Snap to all of that. I’ve tried mixed nuts and also fruit & nuts and don’t really like either.

I was very good last year but weakened over Christmas and haven’t totally clambered back on to the waggon. I’ve given up crisps and potato based snacks all together - I’ve not eaten a single crisp since being in hospital a year ago. It’s only this last couple of weeks that I started on salted peanuts but need to stop. The only way for me to stop snacking is simply not to have any in the house. I’ve stopped buying crackers. I clearly need to call on my willpower again.


----------



## danielmg (Feb 23, 2021)

I enjoy having a portion of mixed nuts (i.e. cashews, almonds, pecans, walnuts) with some low carb flavoured yoghurt. A lot of variety as I can change the types of nuts or yoghurt depending on preferences.

My favourite nuts at the moment however are Macadamias. Very nice texture, although can be quite expensive so I only have them occasionally as a treat.


----------



## Annette&Bertie (Feb 23, 2021)

HenryBennett said:


> Snap to all of that. I’ve tried mixed nuts and also fruit & nuts and don’t really like either.
> 
> I was very good last year but weakened over Christmas and haven’t totally clambered back on to the waggon. I’ve given up crisps and potato based snacks all together - I’ve not eaten a single crisp since being in hospital a year ago. It’s only this last couple of weeks that I started on salted peanuts but need to stop.
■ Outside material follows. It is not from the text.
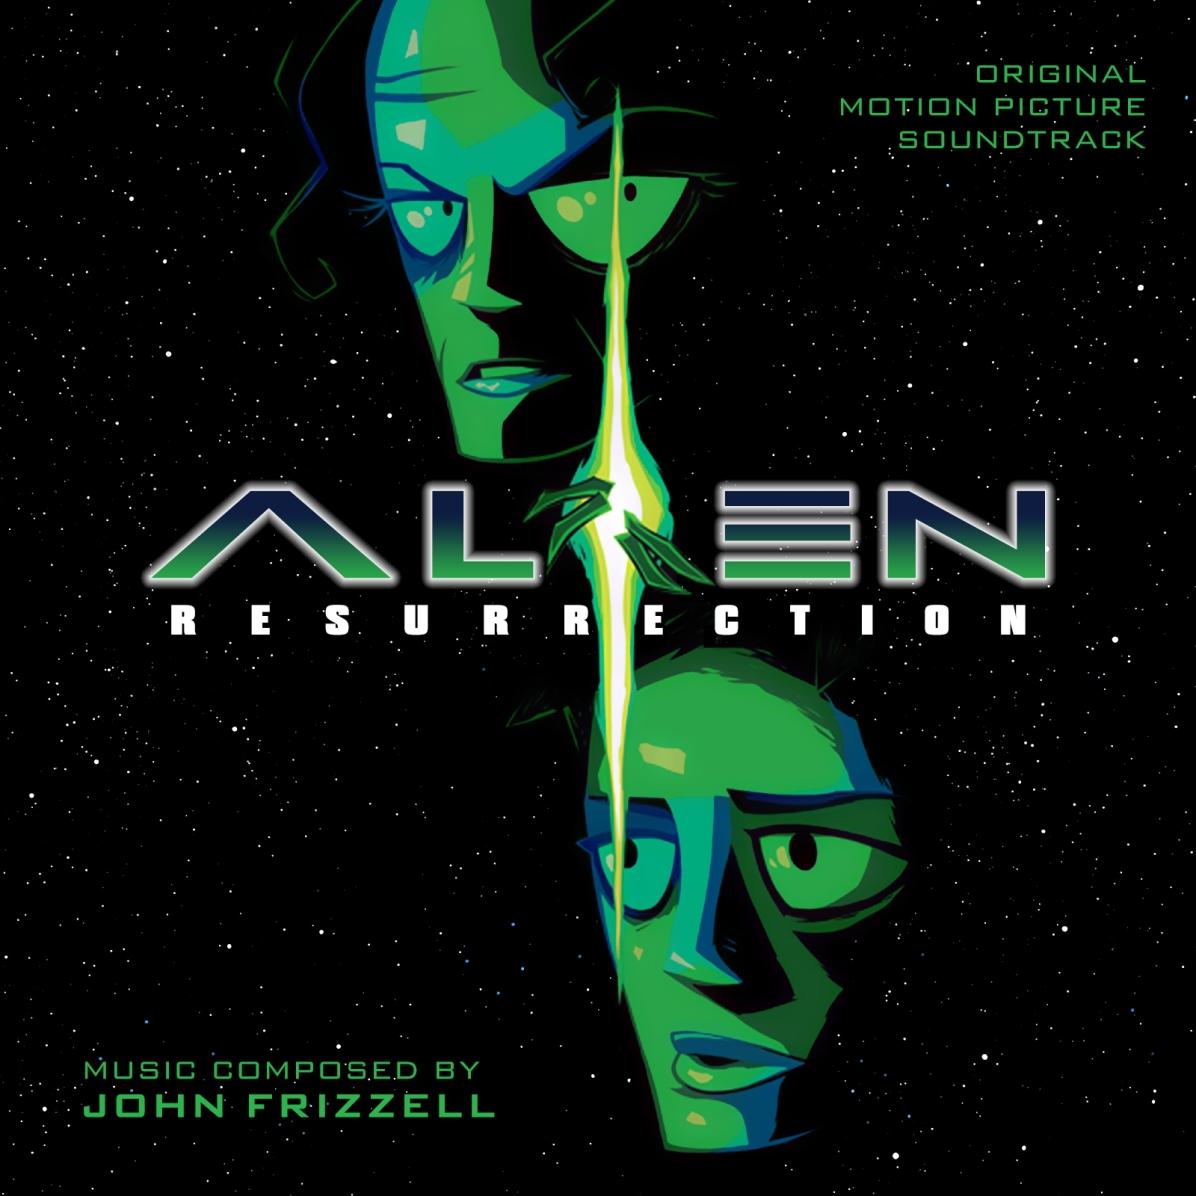 #15: Alien Resurrection (Remake)

The only way for me to stop snacking is simply not to have any in the house. I’ve stopped buying crackers. I clearly need to call on my willpower again.


I couldn’t live without crackers, my favourites are Ryvita and Crackerbread.   I think many diabetics find Christmas difficult.  I kniw I ate a whole lot of things I shouldn’t.    But, the thing that has bothered me most has been the lockdown.


----------



## Bloden (Feb 23, 2021)

My fav nuts are M&S almonds - nice n crunchy (not like Tesco’s which are a bit rubbery). All other nuts, nut butters and seeds are    by me. In fact, him indoors came up with a lower-carb version of tabbouleh by using crushed toasted hazelnuts instead of cracked wheat, yum!


----------



## HenryBennett (Feb 23, 2021)

Bloden said:


> lower-carb version of tabbouleh by using crushed toasted hazelnuts instead of cracked wheat, yum


Sounds nice.


----------



## HenryBennett (Feb 23, 2021)

Annette&Bertie said:


> I couldn’t live without crackers, my favourites are Ryvita and Crackerbread.   I think many diabetics find Christmas difficult.  I kniw I ate a whole lot of things I shouldn’t.    But, the thing that has bothered me most has been the lockdown.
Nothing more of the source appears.